** DATASET ENTRIES **

*** Block opens ***

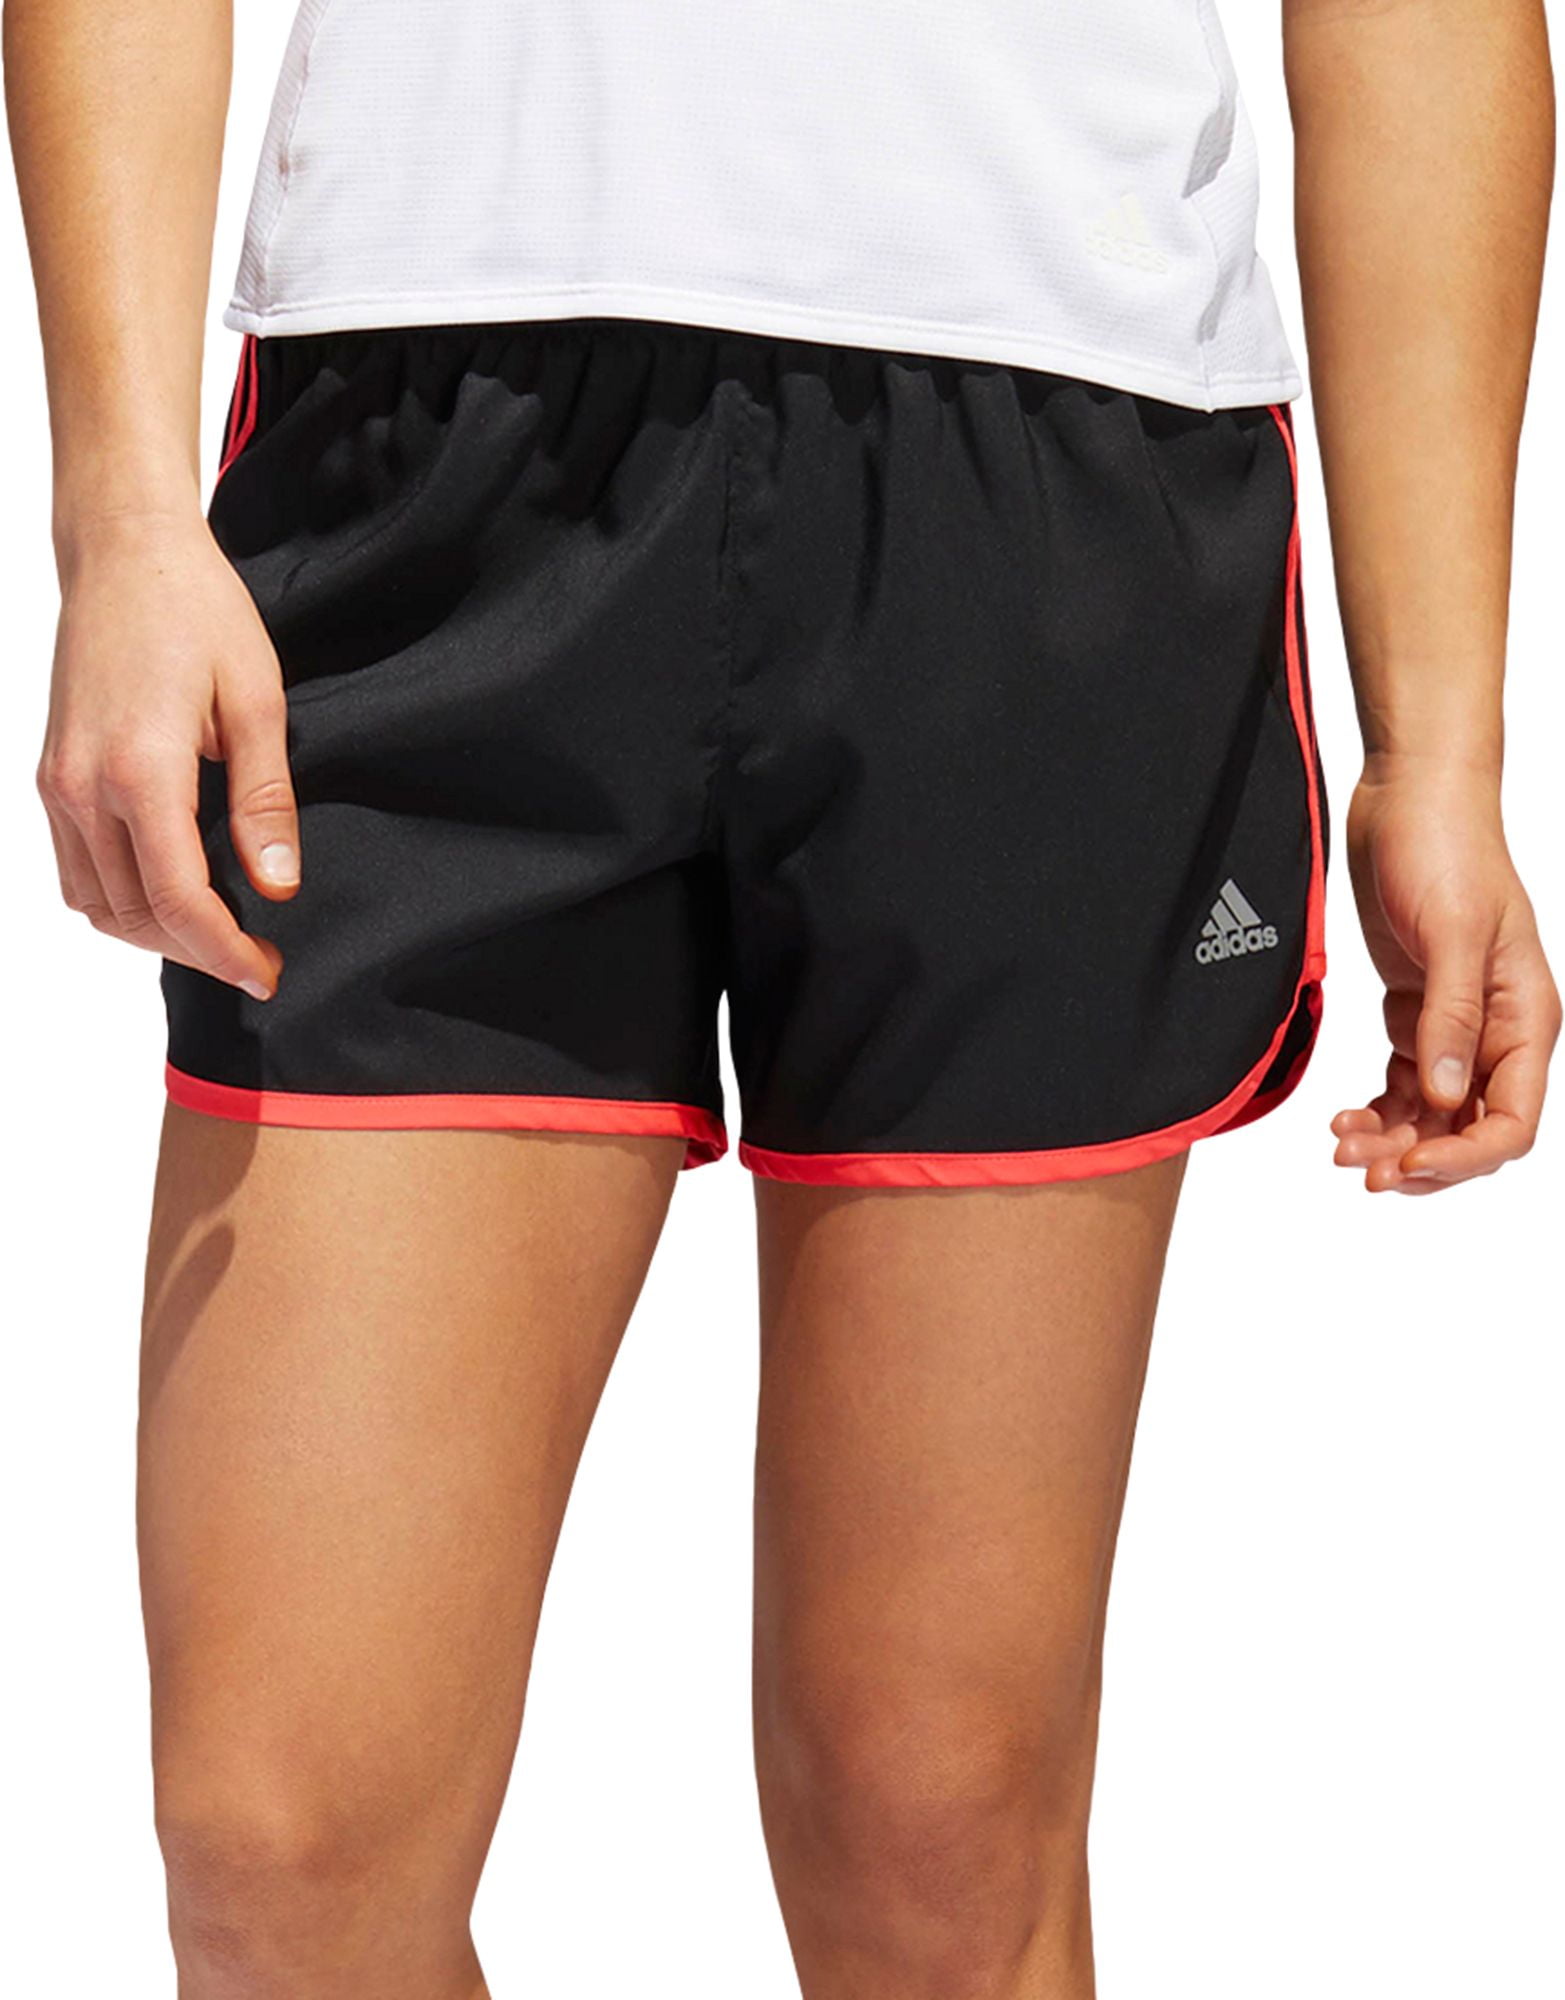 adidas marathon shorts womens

*** Block closes ***
*** Block opens ***

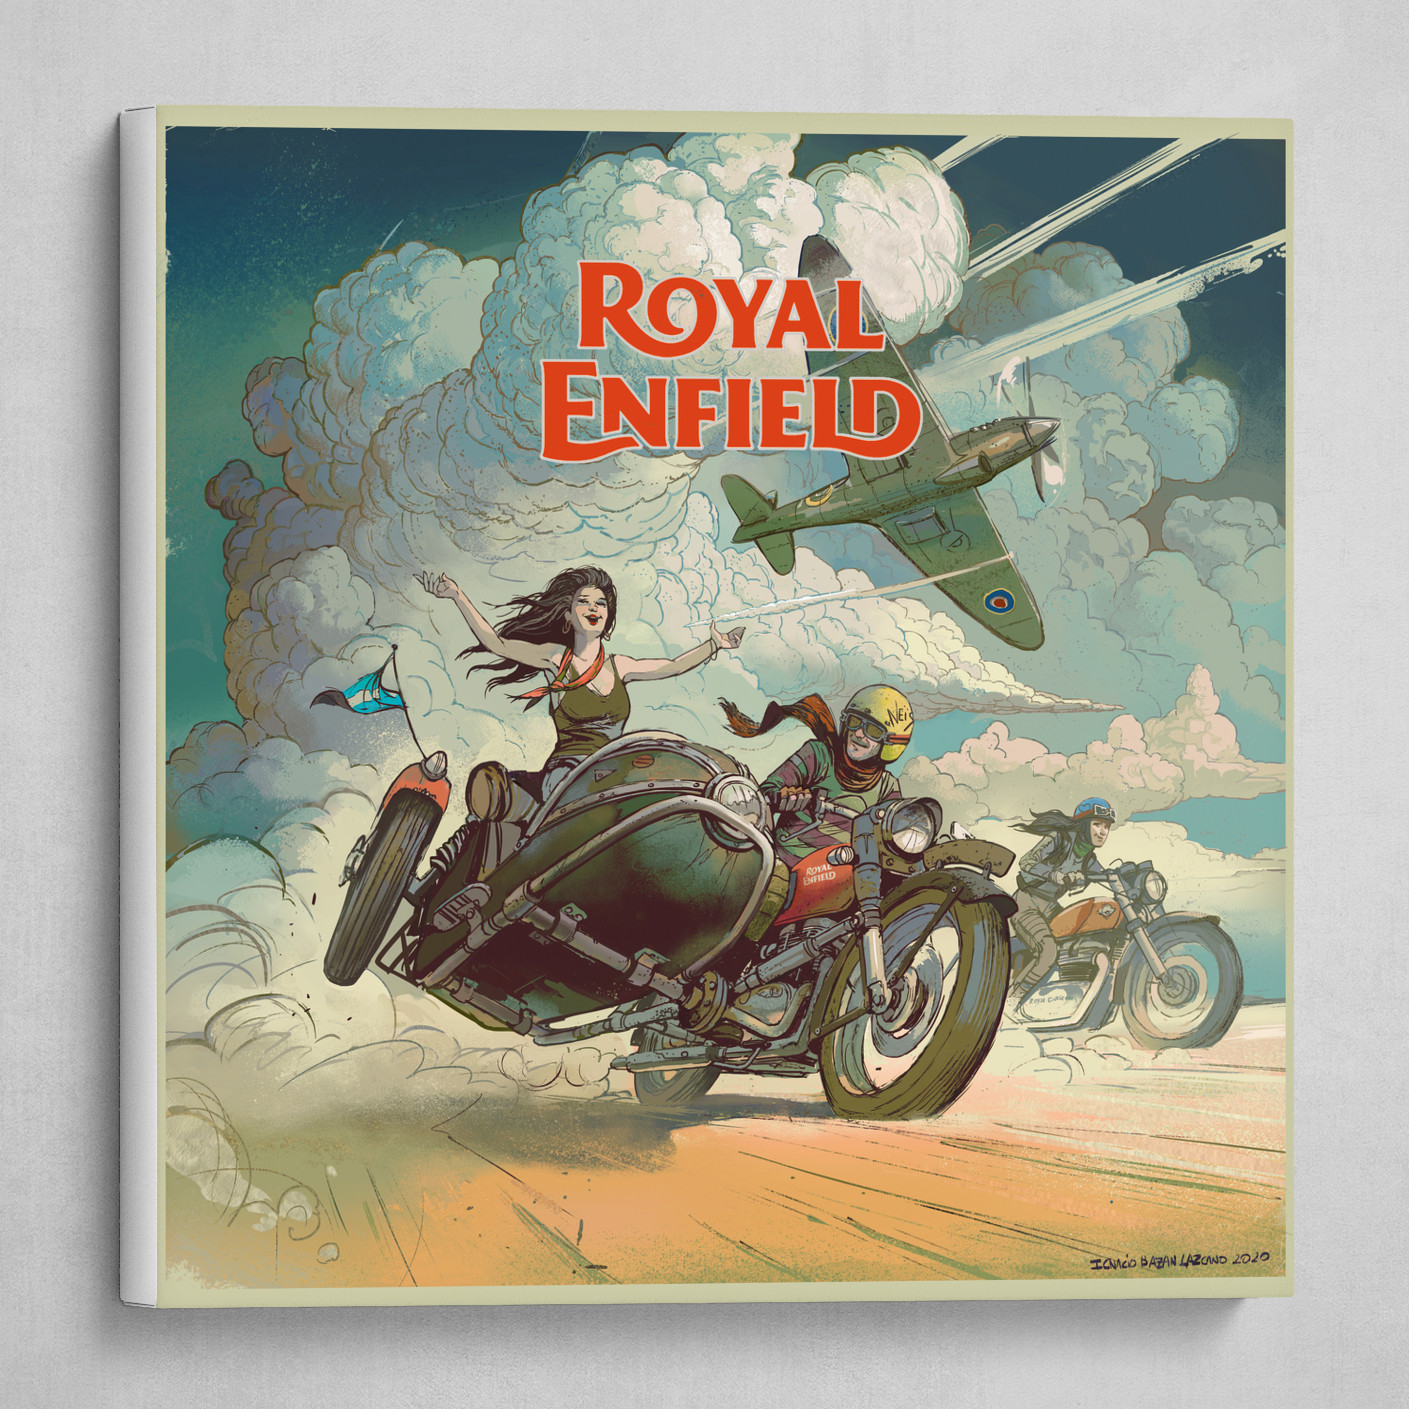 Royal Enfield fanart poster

*** Block closes ***
*** Block opens ***

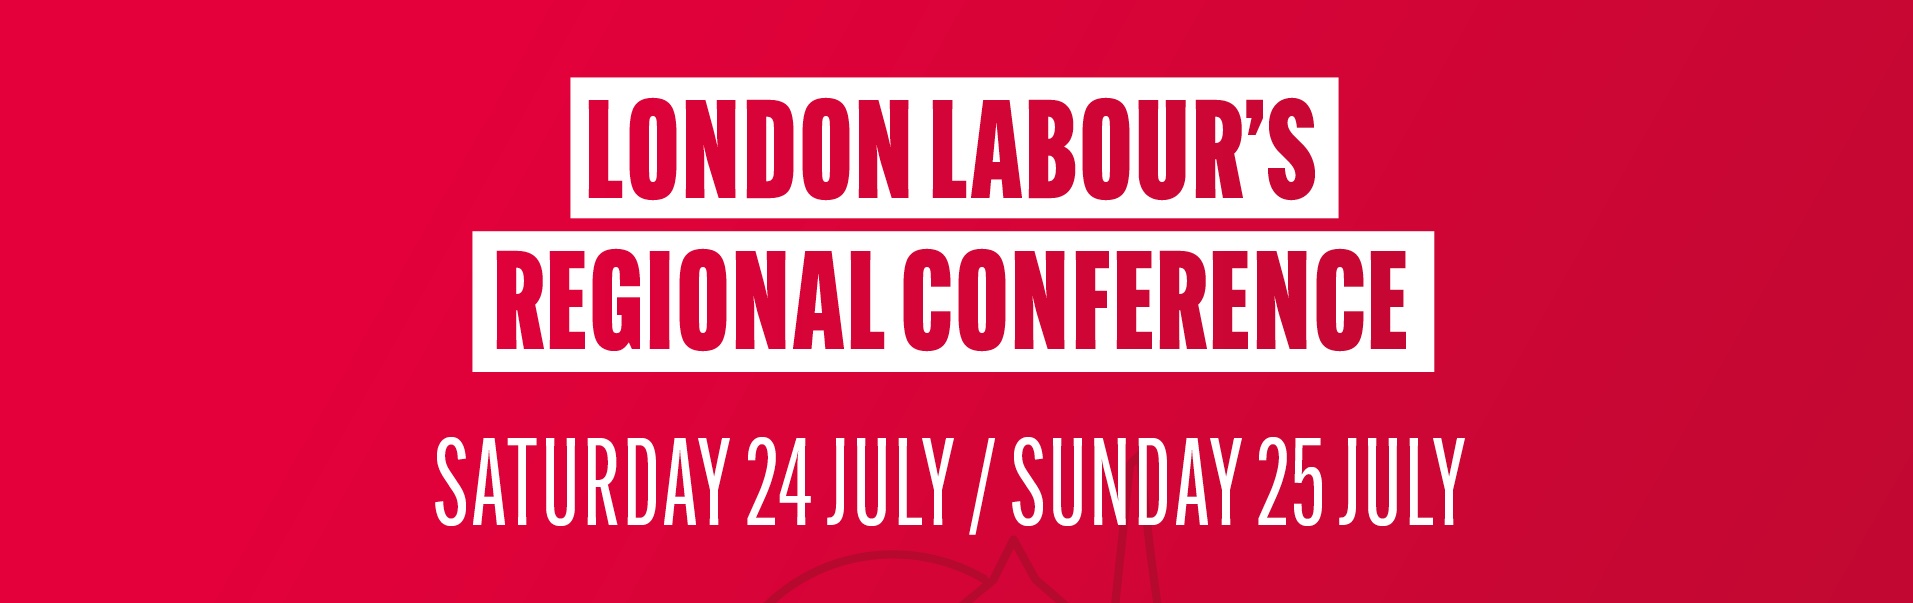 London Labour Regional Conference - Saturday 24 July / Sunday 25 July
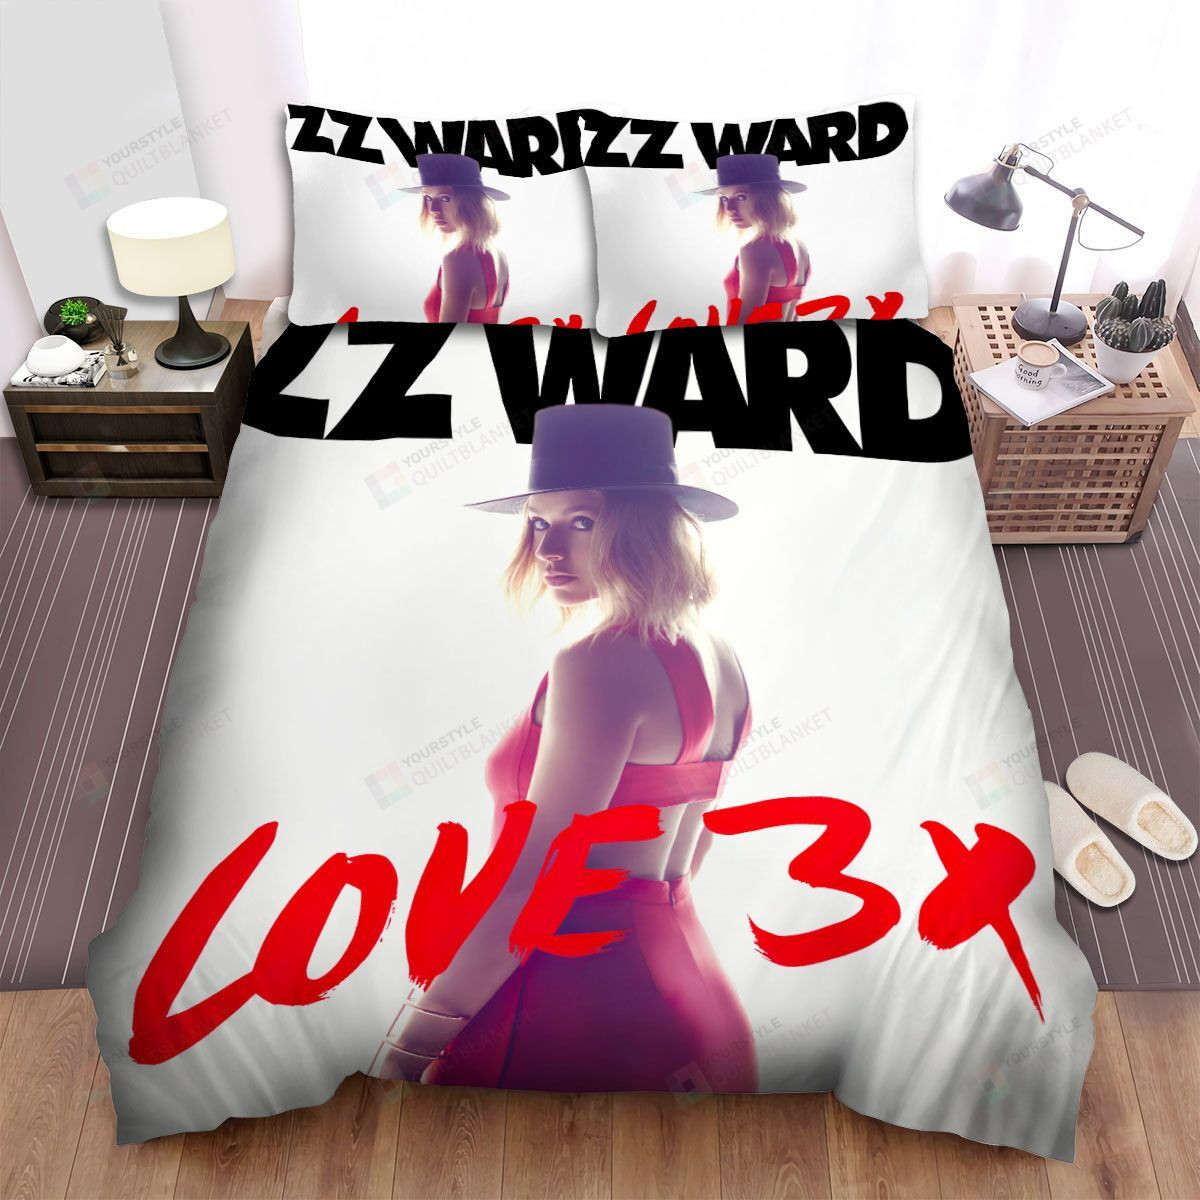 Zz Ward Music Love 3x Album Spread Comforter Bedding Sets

*** Block closes ***

Your answer should be the lines above, word for word, from the line with "London Labour Regional" through the line with "Zz Ward Music", minus the pictures.

 London Labour Regional Conference - Saturday 24 July / Sunday 25 July
 Zz Ward Music Love 3x Album Spread Comforter Bedding Sets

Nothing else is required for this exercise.